Tout au contraire, je pense que dans ce cas (comme dans d’autres), il conviendrait de coller au plus près à ce que l’ONU propose, afin d’éviter une interprétation (et dans la foulée, une justice) à géométrie variable.
Peut-être est-il intéressant de parler comme Ilan Pappé de "génocide lent"... ce qui renvoie à une autre terminologie onusienne quand il est question de conflit de "basse, moyenne ou haute intensité"...
Ce genre de nuance peut s’avérer utile, pour autant qu’elle ne serve pas à camoufler une réalité...

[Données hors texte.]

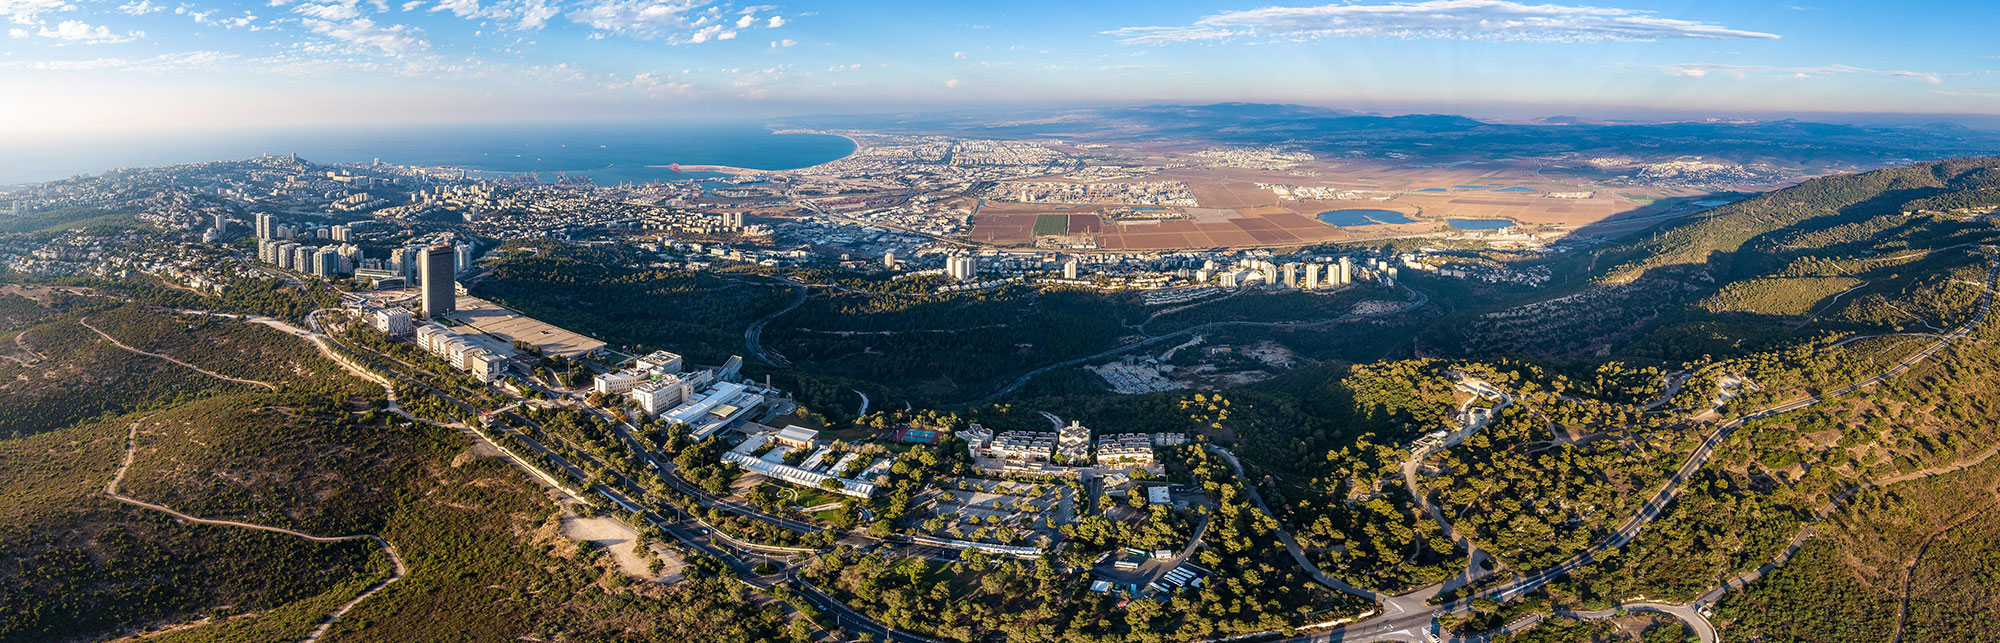 תמונת אוויר אוניברסיטת חיפה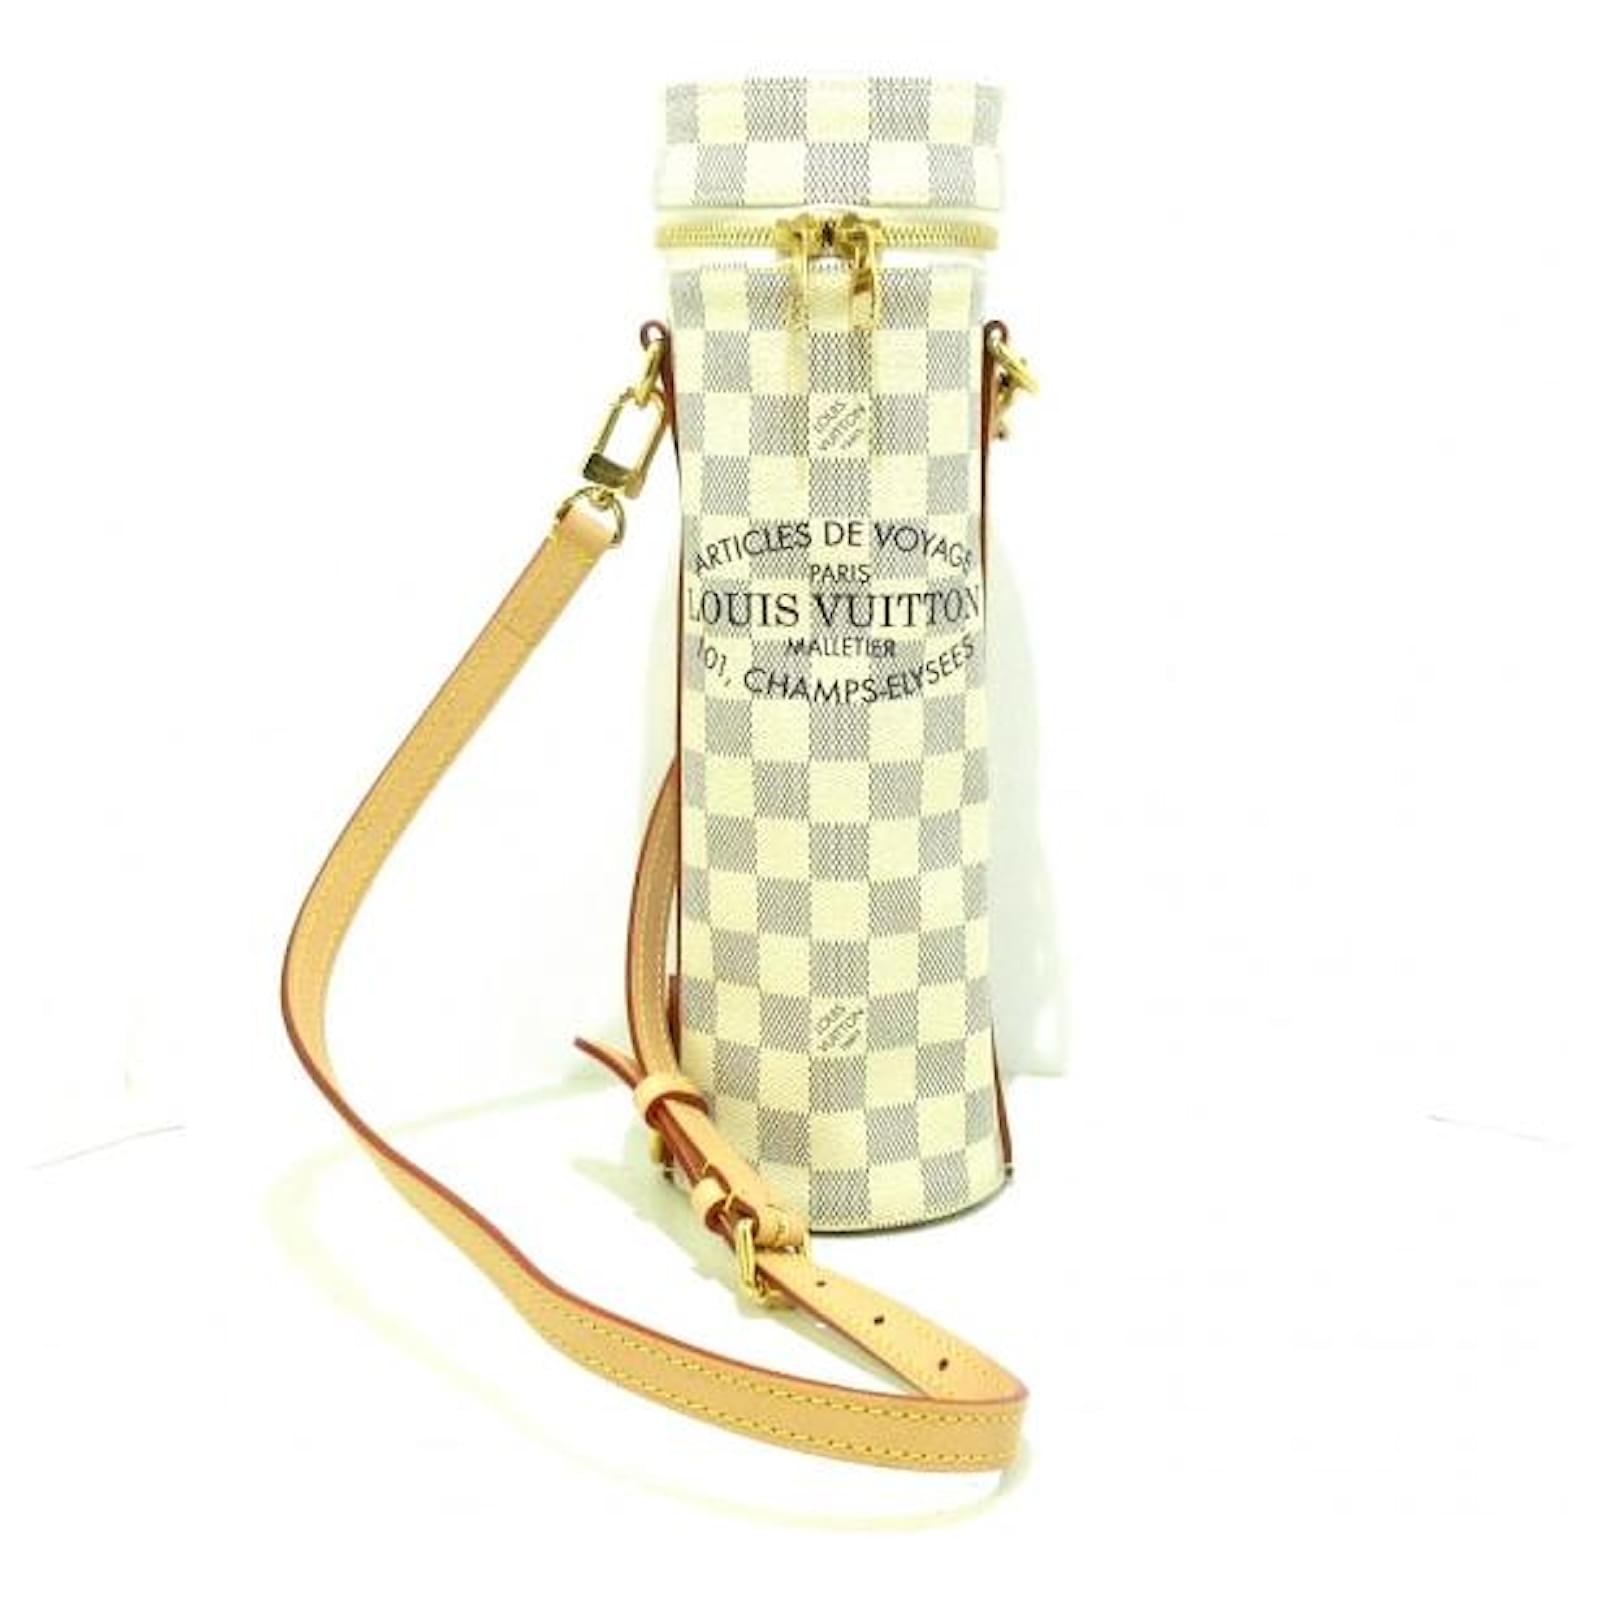 Louis Vuitton Flask Holder

Je pense donc que lorsqu’on examine les critères onusiens de base (les points a-b-c-d-e, ci-dessous) * qui permettent ou non l’usage du mot "génocide", plusieurs de ces critères sinon tous y autorisent dans le conflit qui se déroule en Palestine.
Et si nous y sommes si réticents, n’est-ce pas parce que nous n’avons pas encore réglé nous-mêmes nos problèmes de conscience vis à vis du génocide juif et que nous y collons automatiquement une notion quantitative de victimes ? (Mais alors à partir de combien !?)
Ce qui traduit peut-être bien une forme d’aliénation...
Par ailleurs, n’y aurait-il qu’un seul terme qui soit vraiment approprié ? N’est-ce pas-là une nouvelle forme d’aliénation ?
Le plus objectivement possible, et dans le cadre définit par l’ONU, n’y a-t-il pas dans la situation palestinienne, tout à la fois :
une politique d’apartheid, entraînant un transfert et un nettoyage ethnique qui au fil du temps et des évènements qui s’enchaînent dans cette logique mortifère, prend des allures de génocide... lent ?
Pour ma part, et dans mon prochain livre, c’est en ces termes que j’en parle.
Je ne me censure pas sur cette terminologie, parce que je crois qu’une forme de génocide est effectivement mise en application par les stratèges israéliens qui ont l’art de "jouer" sur ces limites... jusqu’à nous y enfermer, prisonniers de notre propre langage...
Daniel Vanhove –
Observateur civil
09.02.08
* Dans la Convention des Nations Unies du 9 décembre 1948 pour la Prévention et le répression du Crime de génocide, celui-ci s’entend lorsque l’un des actes ci-après est commis dans l’intention de détruire, tout ou en partie, un groupe national, ethnique, racial ou religieux, comme tel :
a - Meurtre de membres du groupe ;
b - Atteinte grave à l’intégrité physique ou mentale de membres du groupe ;
c - Soumission intentionnelle du groupe à des conditions d’existence devant entraîner sa destruction physique totale ou partielle ;
d - Mesures visant à entraver les naissances au sein du groupe ;
e - Transfert forcé d’enfants du groupe à un autre groupe.